Virtual reality’s five brightest stars

Though Oculus Rift is very much the go-to name in any discussion about virtual reality, there are a number of rival firms racing the Facebook-owned company to the top

A girl wears Oculus Rift glasses. The brand is the most successful virtual reality company, closely followed by others run by Google and Microsoft

Oculus Rift

As featured at countless tech shows around the globe, Oculus Rift has catapulted itself to the forefront of discussion on the topic ever since its 9,522 backers pledged above and beyond the $250,000 asked of them on the product’s original Kickstarter page. The amount pledged at closing date was close to $2.5m, and did much to reassure Facebook, which bought the company last year for $2bn, that the headset could turn VR from science fiction to reality.

Project Morpheus

Scheduled for release in the early stages of next year, Sony’s VR gaming headset is set to revolutionise gaming by bringing an all-round more immersive experience to console gamers. Industry experts are united in the opinion so far that the product feels more polished than its rivals, including Oculus, with only a few minor hiccups still to address. Sony’s ambitions may fall short of Facebook’s, in terms of branching out beyond gaming, yet the product, by some accounts, feels superior.

Google Cardboard

Google’s contributions to the VR space are surprisingly modest, and start with a simple cardboard viewer that any user can create and combine with their smartphone. The company’s low-rent, child-focused product is available now, and allows users to explore a series of panoramas, simply by downloading the Cardboard app and fixing their phone inside the viewer.

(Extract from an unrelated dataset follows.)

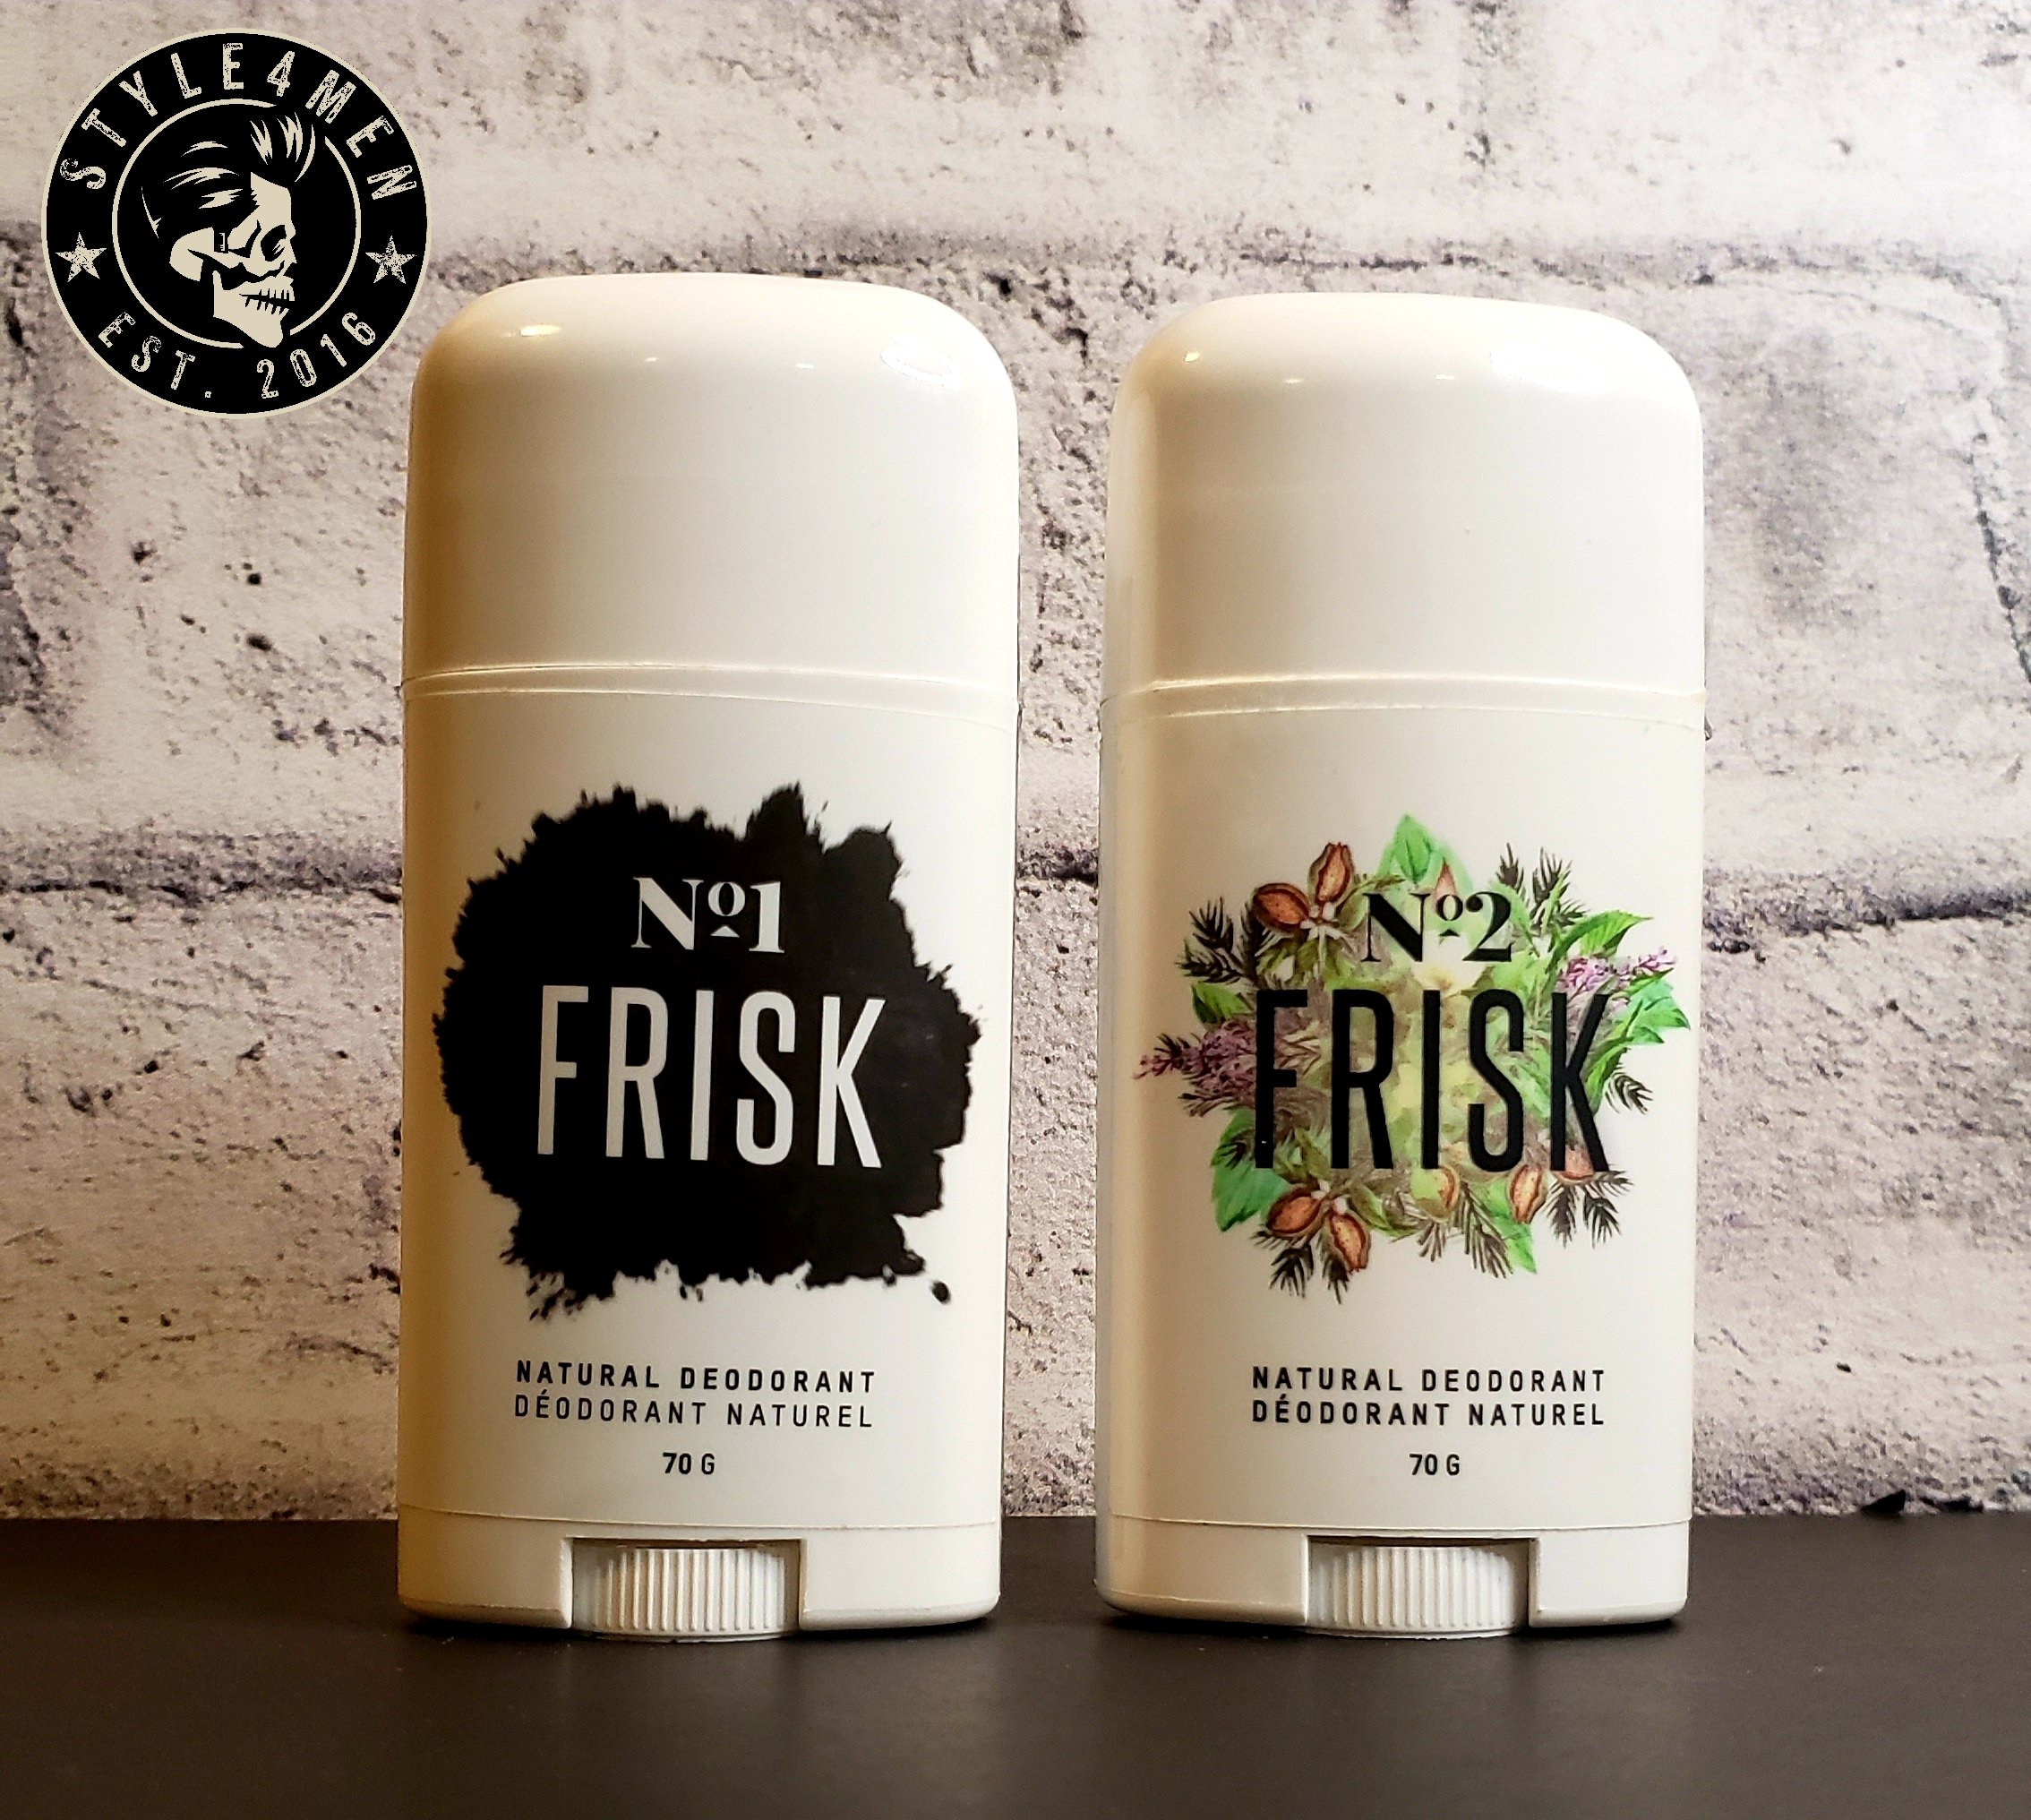 FRISK Deodorant

The schematics and assembly instructions are available to all, and users need only assemble Cardboard for themselves to get in on the action.


Not necessarily an operating system nor a standalone commercial product, Razer is a product of the Open-Source Virtual Reality (OSVR) ecosystem: a platform that allows multiple headset manufacturers to band together with the common goal to accelerate VR gaming adoption. “Built from the ground up to bring the best Virtual Reality gaming experience to the gaming world, OSVR is the one platform where all aspects of the industry – input devices, games, and output – are unified,” according to the site.


HoloLens represents Microsoft’s first foray into augmented reality, as “the first fully untethered, see-through holographic computer,” according to the company. “It enables high-definition holograms to come to life in your world, seamlessly integrating with your physical places, spaces, and things,” as part of what Microsoft calls “mixed reality”. The headset and partner software is built on the same core as the Windows 10 family, and aims to transform the way users communicate, create, collaborate and explore, using movement, vision and voice to interact.